As Rous wrote in an essay excerpted by Romea.cz in 2016, records of Liberec’s concentration camps are sparse, with the majority of information coming from oral histories and eyewitness testimonies. One local Roma woman, Růžena B., recounted how she and her family narrowly escaped deportation; later, the 10-year-old and her father snuck into the camp to visit the Roma imprisoned there.
Several years ago, Rous and members of the Association of Romani Representatives of the Liberec Region installed crosses in honor of seven child victims at the site of the camp.
“This was the harshest of four camps built in Liberec,” Rous tells Radio Prague, “and yet there is no memorial.
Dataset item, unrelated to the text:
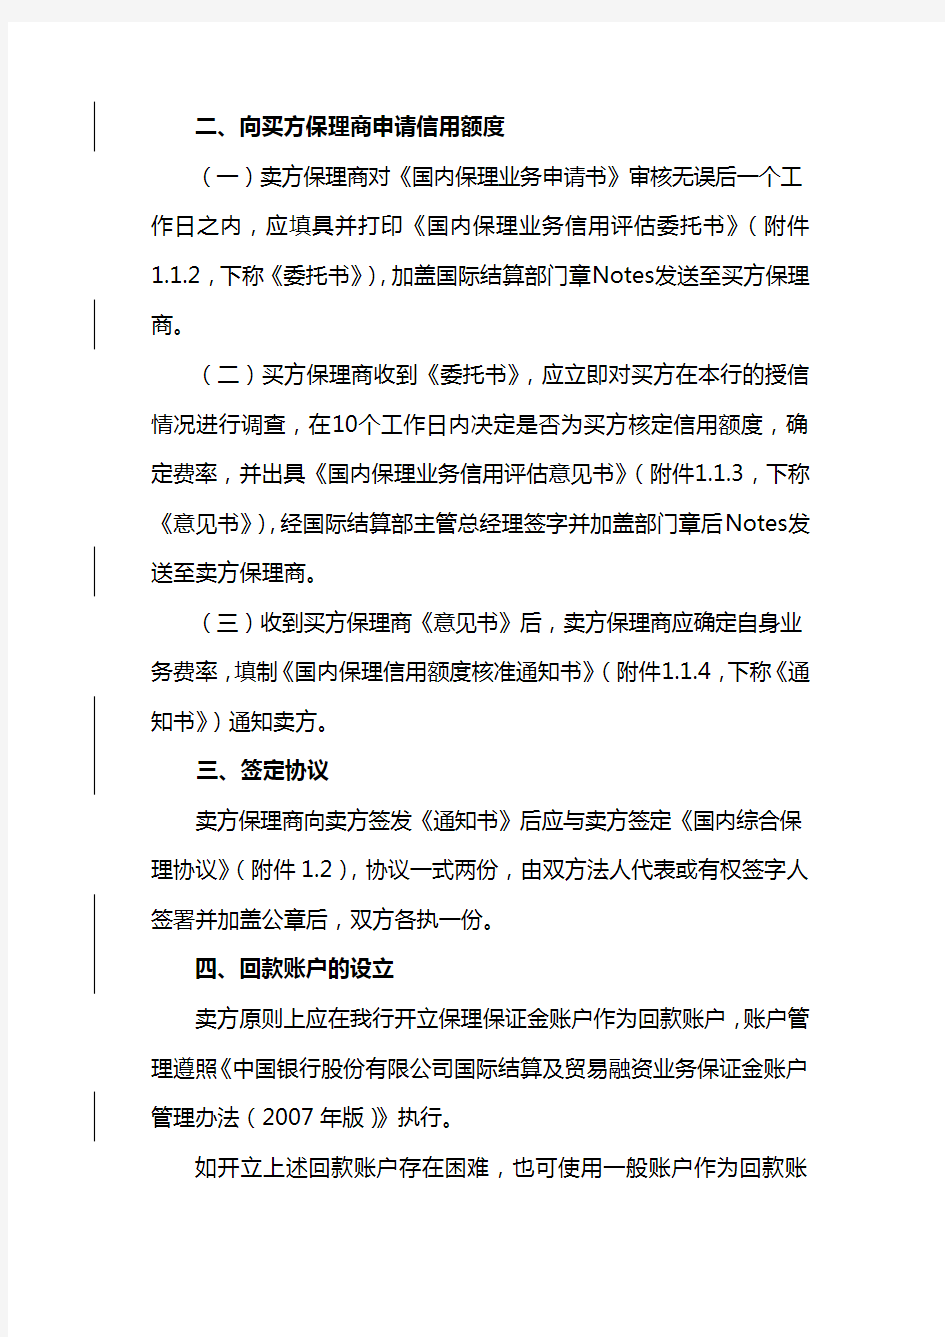 中国银行股份有限公司国内保理业务操作规程(2010年版)
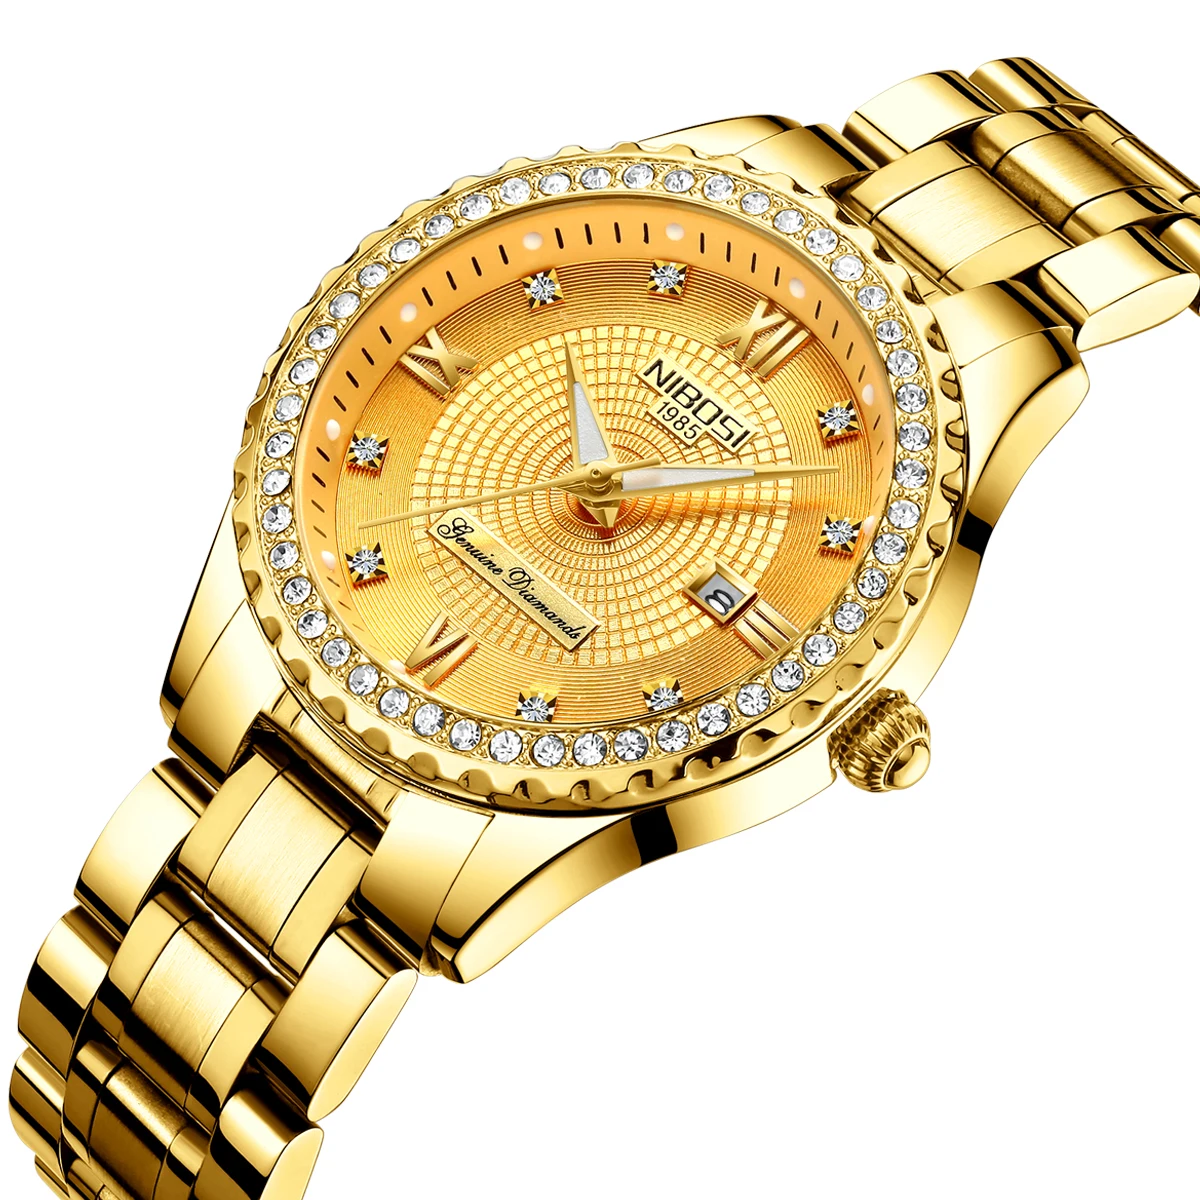 

Free Shipping NIBOSI 2357 Women Watches Top Brand Luxury Gold Watch Fashion Quartz Watch Business Reloj Waterproof Wristwatch

All were murdered in Auschwitz or other camps.”
After the Nazis sent the camp’s Roma victims to their deaths, they used the camp to hold French prisoners of war, who were forced to work at a nearby quarry.
Beginning around 1950, the site was used as a dumping ground for municipal and construction waste. By 1962, it appeared on a map as a “ruin,” according to a second Rous article republished by Romea.cz.
To find traces of the camp, the archaeologists dug beneath the landfill.
“We have uncovered large sections of the main building, which was [115 feet] long and nearly [33 feet] wide, along with an extension in the shape of a ‘T’ of about [33 by 26 feet], and preserved brick floors,” Petr Brestovanský, an archaeologist from the museum, tells Radio Prague.
During the Holocaust, the Nazis persecuted and murdered as many as 500,000 Roma and Sinti people—but today, this history remains little known. As the United States Holocaust Memorial Museum (USHMM) explains, researchers are increasingly focusing attention on these groups, who originated in India and lived all across Europe by the end of the 15th century. The Nazis targeted these individuals, described as “gypsies” out of a mistaken belief that they originated in Egypt, for extermination together with the Jews.
After the war, world powers were slow to recognize the Roma and Sinti as Holocaust victims. The Nuremberg Trials did not prosecute war criminals for crimes specifically perpetrated against them, and Germany only acknowledged the groups as “victims of racial policy” in 1979, wrote Brigit Katz for Smithsonian magazine last year.
In lieu of the discovery of concentration camp ruins in Liberec, Deputy Mayor Ivan Langer tells Radio Prague that the city plans to continue construction of the emergency response building and construct a separate memorial in honor of the Roma victims.
“We are thinking about building a memorial at the bend on the opposite riverbank,” he says. “We’ve been talking to a quite well-known artist who could create something special.”